Thursday, February 25, 2016

The Newest Disease

There’s a huge epidemic that has been spreading around the world. This disease starts when you are about 11 or 12 and does not go away. It actually gets worse as the years go on if you decide not to acknowledge it. It starts to consume your whole life to the point where you start to lose social skills because you are just stuck in the house all of the time.

You didn’t choose to have this disease and you didn’t choose for it to get worse and worse as the years go on.

It all just kind of happened.

What is this disease you might ask?

Technology.

There has been a lot of talk about how technology is so much more hurtful than helpful, which is why I decided to use the example of a disease to explain it. Some people might even think that these advances in technology are extremely positive, which they are in some cases.

We can now talk to people instantly. I do think that texting has some benefits because you can keep in contact with people you may not have kept in contact with if texting didn’t exist. Video chat helps a lot when it comes to keeping in contact with family in other states or over seas.

Technology has gotten to the point where it is beginning to take part of our whole world. It is already deemed a necessity these days, and like Violet’s dad, if you don’t have it, then you’re looked at differently. In Feed, technology is the only way that these kids can exist. Having the feed is essential to their life. If the feed malfunctions, then their whole life can be at risk since it is connected to the brain. It controls their entire body.

Although we are not as advanced in technology as they are in the world of Feed, we still suffer the same social downfalls. A lot of younger kids have trouble talking to people. They are lacking this social skill because their main form of communication is through texting. Also, the fact that kids are spending a majority of their day using technology doesn’t help.

The characters in Feed use something called m-chat to talk to each other. There’s a scene in Feed where Titus and Violet are in Titus’ upcar and he is m-chatting Violet instead of talking to her. She has to tell him to “talk in the air” or something along those lines. The feed has affected everyone that has it so much that they barely talk out loud anymore.

Since the feed is hooked up to your brain, it knows what you're thinking. When you're trying to think of a word, it'll suggest words that would be good to use. It's kind of the the feature that currently on the iPhone. On the iPhone, instead of giving you the actual word you're thinking of, it will give you what it thinks you want to say.

Titus tries to describe how the feed is a good thing in many ways throughout the book. He tells us about how because of the feed, he can find out “which battles of the Civil War George Washington fought in” (Anderson 47).

You read that right. “Which battles of the Civil War that George Washington fought in.” Hopefully you know that George Washington didn’t fight in the Civil War.

He wasn’t even alive then…

Titus just thinks that you can be “supersmart” just by having the feed, but as you can tell, the feed isn’t always correct. He trusts in the feed too much.

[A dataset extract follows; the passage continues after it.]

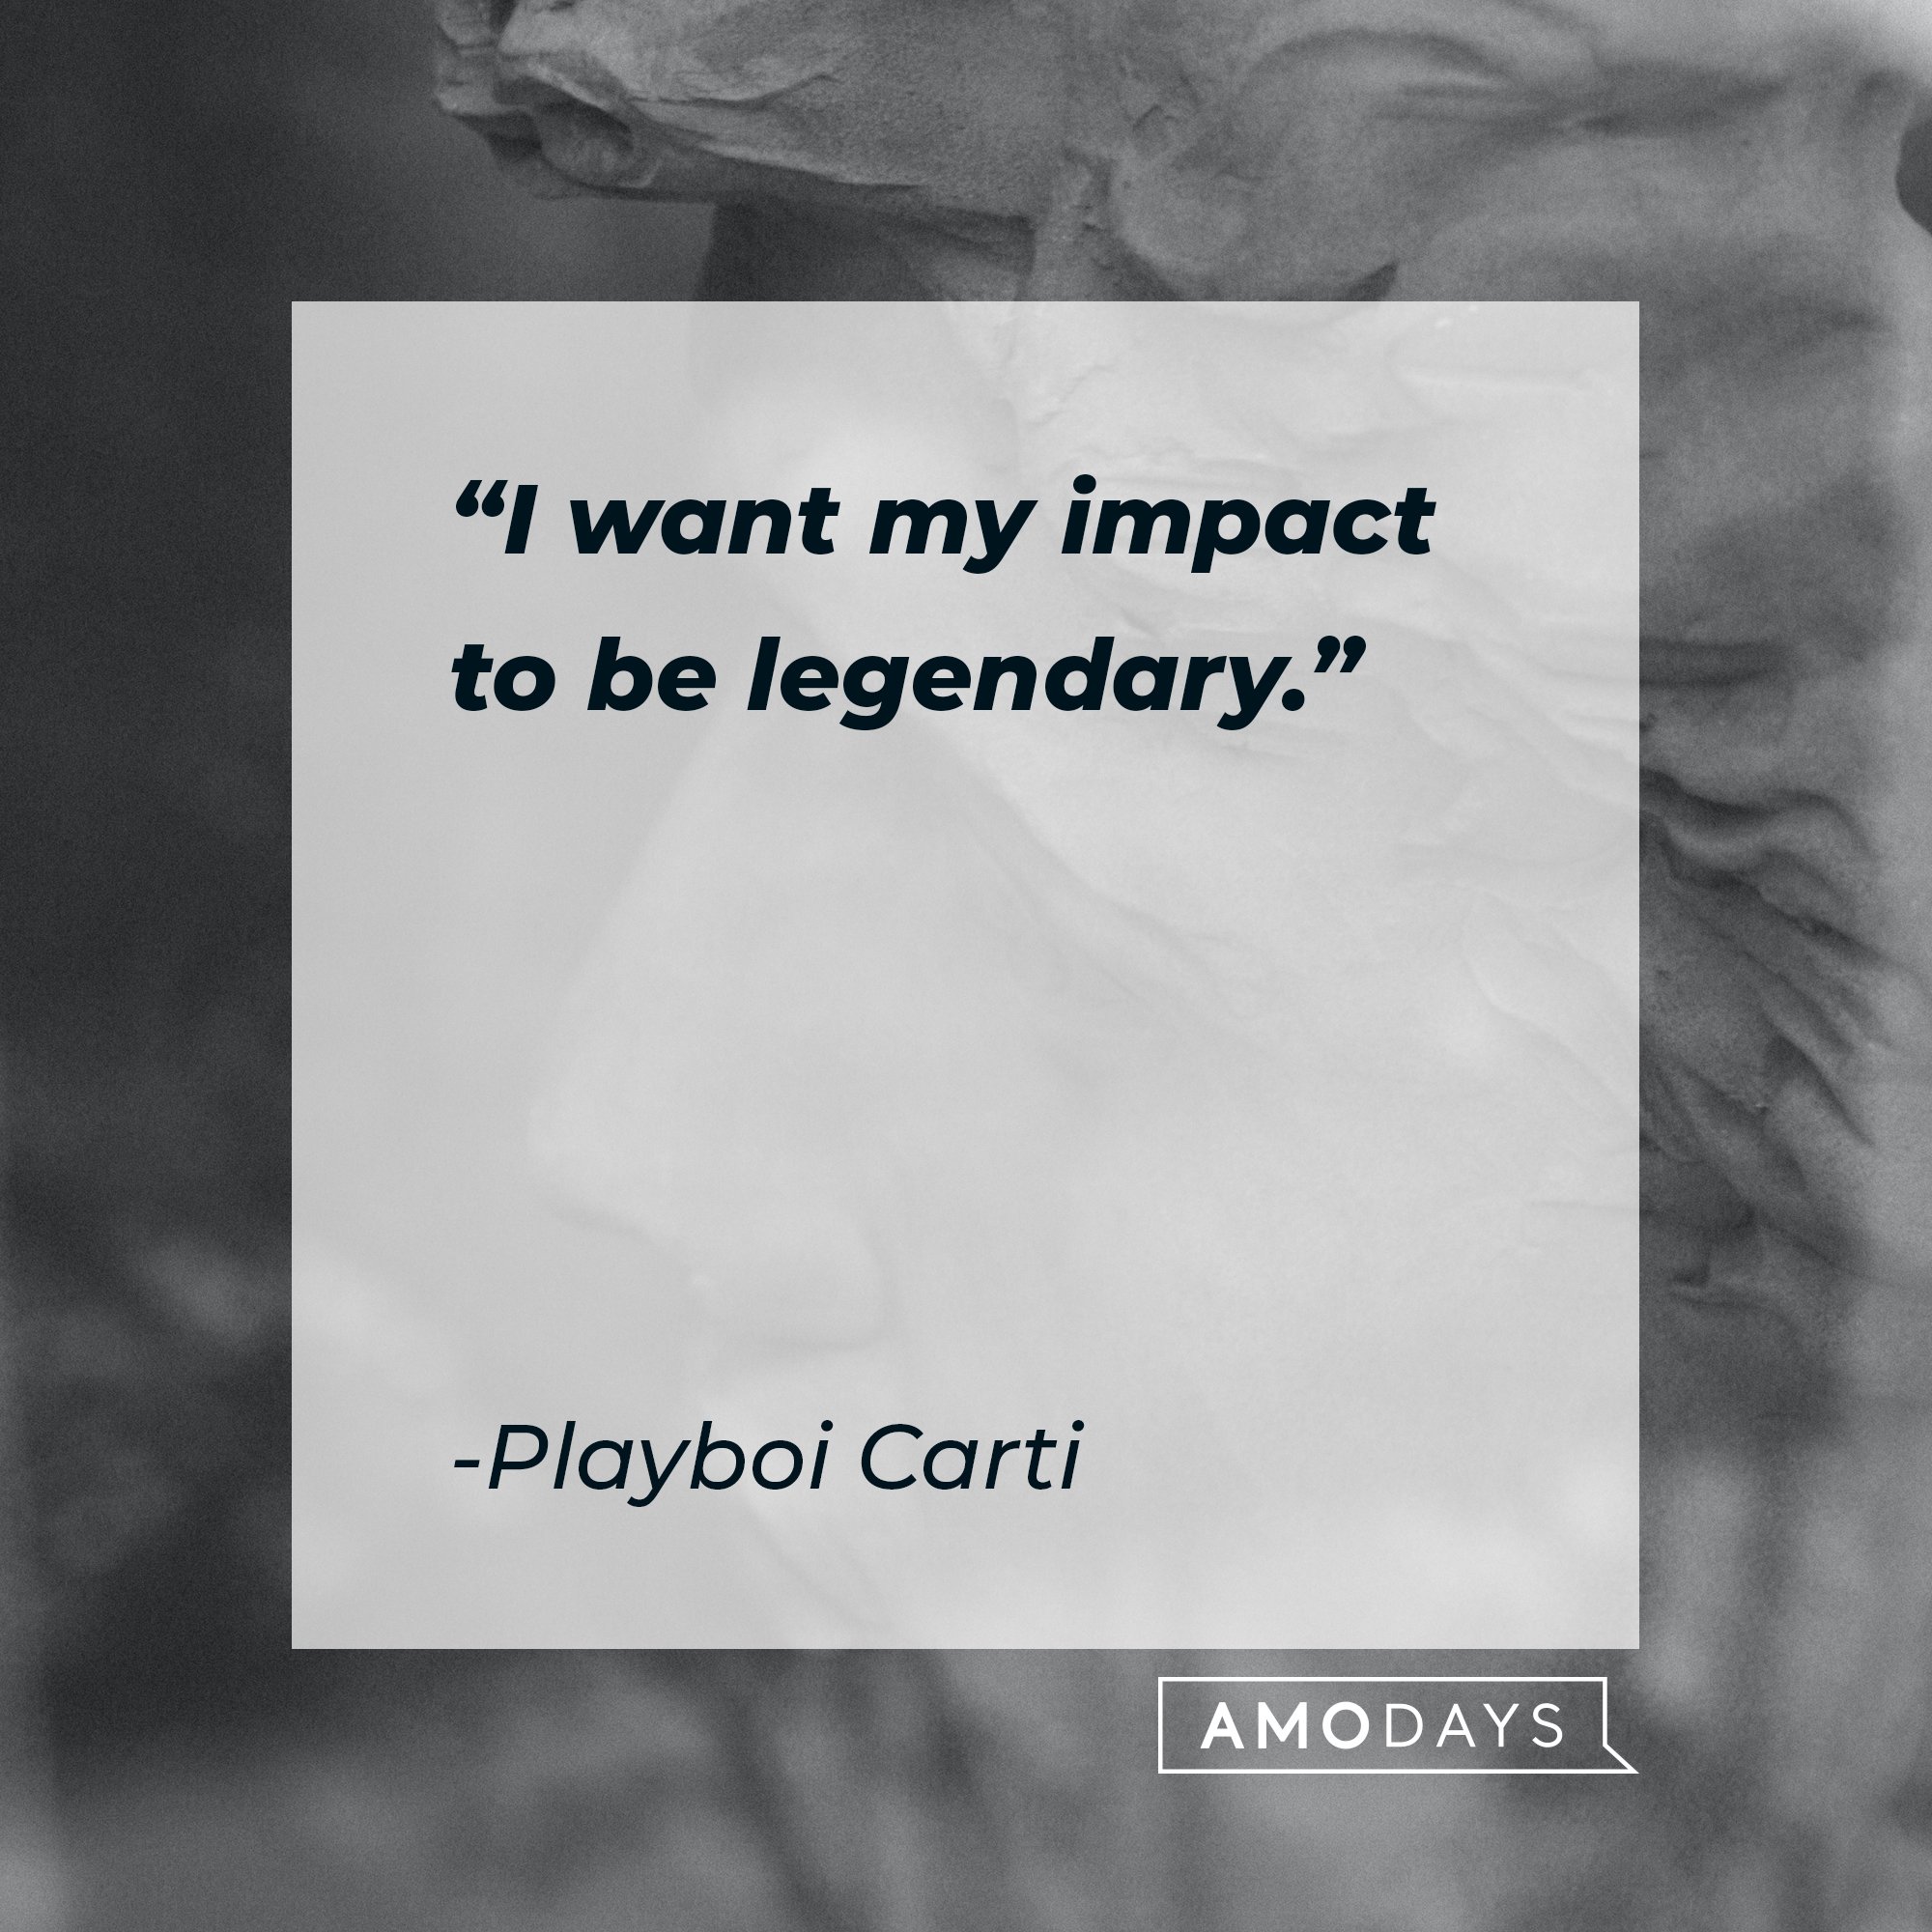  Playboi Carti ‘s quote: "I want my impact to be legendary." | Image: AmoDays

We use technology as the only source to get information too often. I honestly don't even know of anyone that uses books to get information anymore. The people that do use books to get information look them up online. They don't go to the library and open a book unless they absolutely have. I'm even part of this and I know that it is wrong and getting out of hand. I'm not trying to say that all information on the internet is probably false, because it isn't, but you need to know how to distinguish something that is legit from something that is completely false.

The only cure that you're going to find for this "disease" is to find at least 15 minutes to get away from technology for a little while. Play an instrument, draw or paint something, go for a walk or a run without any music for a change. There's so much you can do to just get away from technology. I know that it will be hard because we're all so addicted, but it's possible and it's only going to help us in the future.

-Emily C. Prompt 4
Anderson, M.T. Feed. Cambridge, MA: Candlewick, 2002. Print.